Is there any way to speed up this last step? It feels like it should be the fastest step of them all!


More timings for the recoding step on a computer with 4GB of RAM

The answer below by maxymoo is fast but doesn't give the right answer. Taking the example csv from the top of the question, it translates it to:

   0  1
0  4  6
1  0  4
2  2  5
3  6  3
4  3  5
5  5  4
6  1  1
7  3  2
8  5  0
9  3  4

Notice that 'd' is mapped to 3 in the first column but 2 in the second.
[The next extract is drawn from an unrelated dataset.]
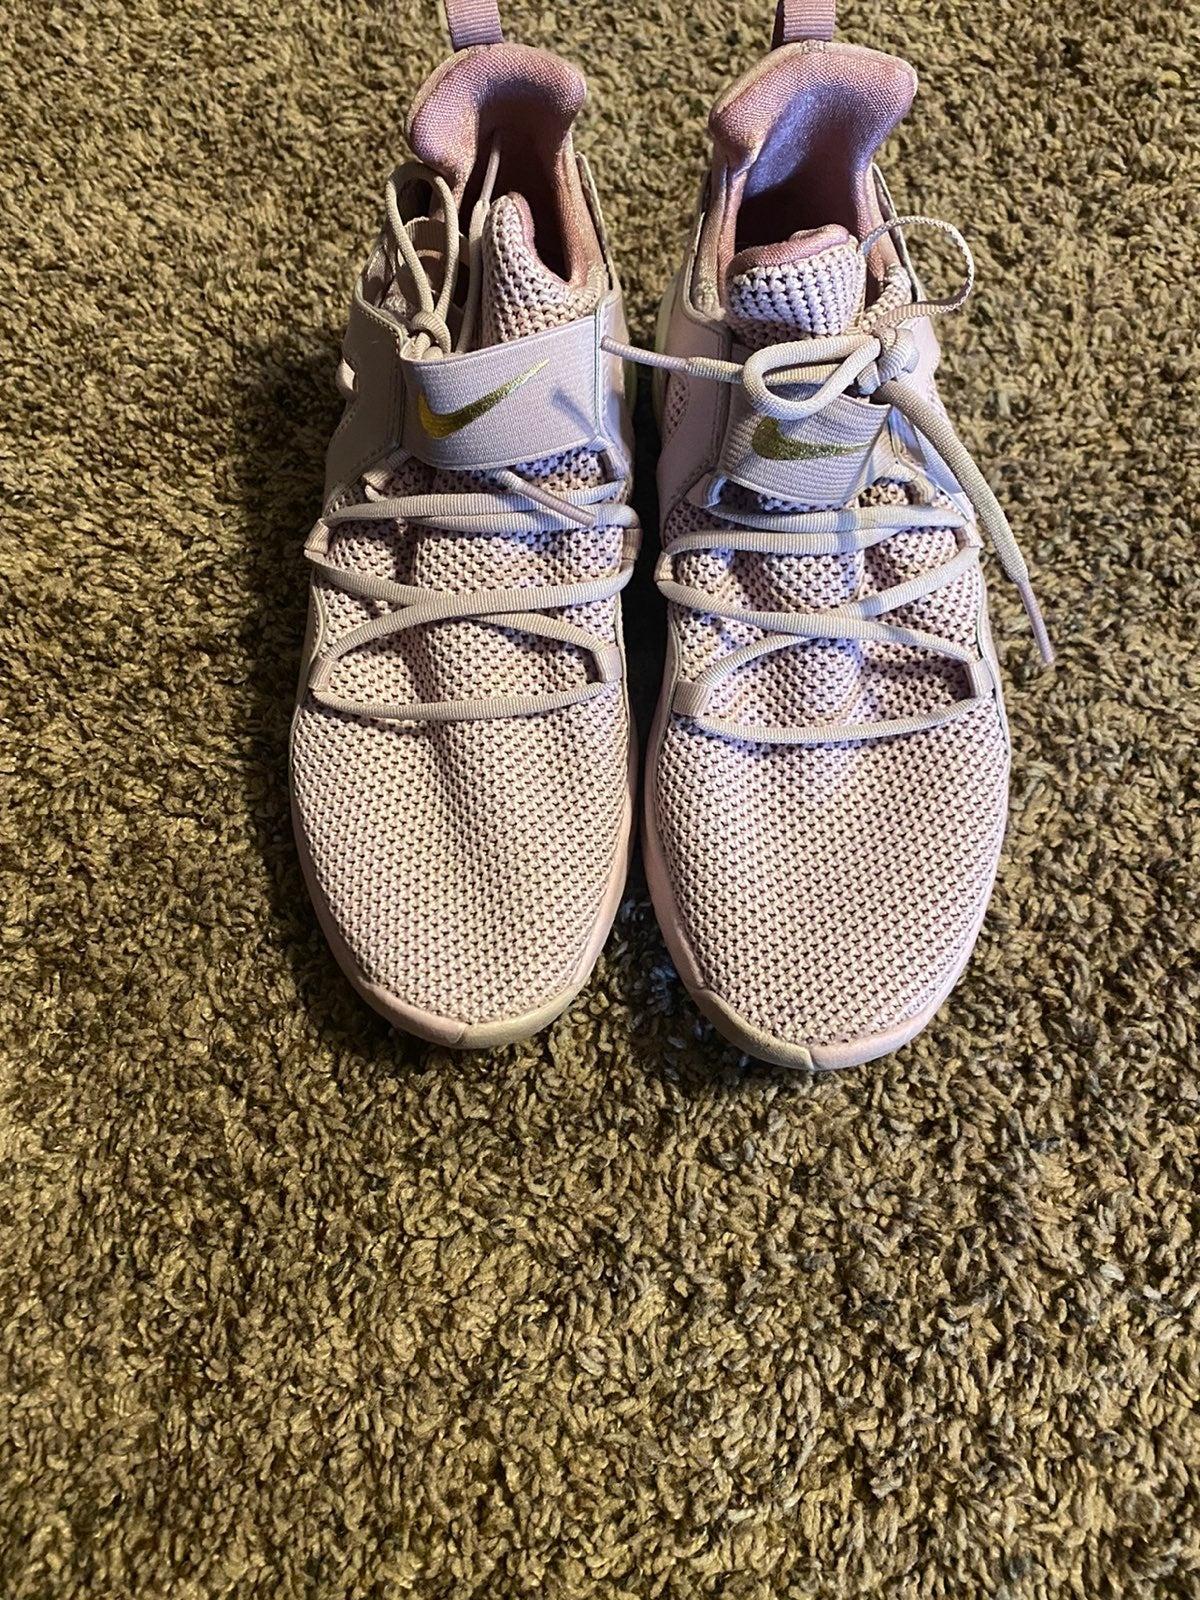 Like new Nike sneakers

I tried the solution from https://stackoverflow.com/a/39356398/2179021 and get the following.

df = pd.DataFrame({'ID_0':np.random.randint(0,1000,1000000), 'ID_1':np.random.randint(0,1000,1000000)}).astype(str)
df.info()
memory usage: 7.6MB
%timeit x = (df.stack().astype('category').cat.rename_categories(np.arange(len(df.stack().unique()))).unstack())
1 loops, best of 3: 1.7 s per loop

Then I increased the dataframe size by a factor of 10.

df = pd.DataFrame({'ID_0':np.random.randint(0,1000,10000000), 'ID_1':np.random.randint(0,1000,10000000)}).astype(str) 
df.info()
memory usage: 76.3+ MB
%timeit x = (df.stack().astype('category').cat.rename_categories(np.arange(len(df.stack().unique()))).unstack())
MemoryError                               Traceback (most recent call last)

This method appears to use so much RAM trying to translate this relatively small dataframe that it crashes.

I also timed LabelEncoder with the larger dataset with 10 millions rows. It runs without crashing but the fit line alone took 50 seconds. The df.apply(le.transform) step took about 80 seconds.

How can I:

  1. Get something of roughly the speed of maxymoo's answer and roughly the memory usage of LabelEncoder but that gives the right answer when the dataframe has two columns.
  2. Store the mapping so that I can reuse it for different data (as in the way LabelEncoder allows me to do)?
Community
  • 1
  • 1
Simd
  • 19,447
  • 42
  • 136
  • 271
  • How big is your csv - rows and columns? How many le.classes do you have? – wwii Sep 13 '16 at 17:02
  • @wwii About 10 millions rows and 1 million le.classes. – Simd Sep 13 '16 at 17:03
  • What does the ```groupby....``` accomplish? – wwii Sep 13 '16 at 17:07
  • @wwii It counts duplicates. – Simd Sep 13 '16 at 17:09
  • And which version of Python are you using? – wwii Sep 13 '16 at 17:14
  • Python 2 . Thank you for any help. – Simd Sep 13 '16 at 18:18
  • What does a couple of rows of your final DataFrame look like? – wwii Sep 14 '16 at 18:59
  • @wwii See the example in the question. – Simd Sep 14 '16 at 19:00
  • You could use `numpy` to load entire file in memory and pre-process it relatively quickly. That assumes it fits in memory. Another option is to switch to `pypy` if your library is supported. Or even pre-process as a separate step, in separate process. – Dima Tisnek Sep 21 '16 at 07:41
  • @qarma If you can show timings that are faster assuming it all fits in memory that would be awesome. – Simd Sep 21 '16 at 08:04
  • first step: http://docs.scipy.org/doc/numpy/reference/generated/numpy.loadtxt.html second step, not sure why second and third are separate -- it's possible to do those in one step with `fit_transform`. Overall it's a trade-off between developer time (using `sklearn` primitives) and computer time (`numpy`, custom processing). Current trade-off seems reasonable to me. – Dima Tisnek Sep 27 '16 at 07:07

3 Answers3

10

It looks like it will be much faster to use the pandas category datatype; internally this uses a hash table rather whereas LabelEncoder uses a sorted search:

In [87]: df = pd.DataFrame({'ID_0':np.random.randint(0,1000,1000000), 
                            'ID_1':np.random.randint(0,1000,1000000)}).astype(str)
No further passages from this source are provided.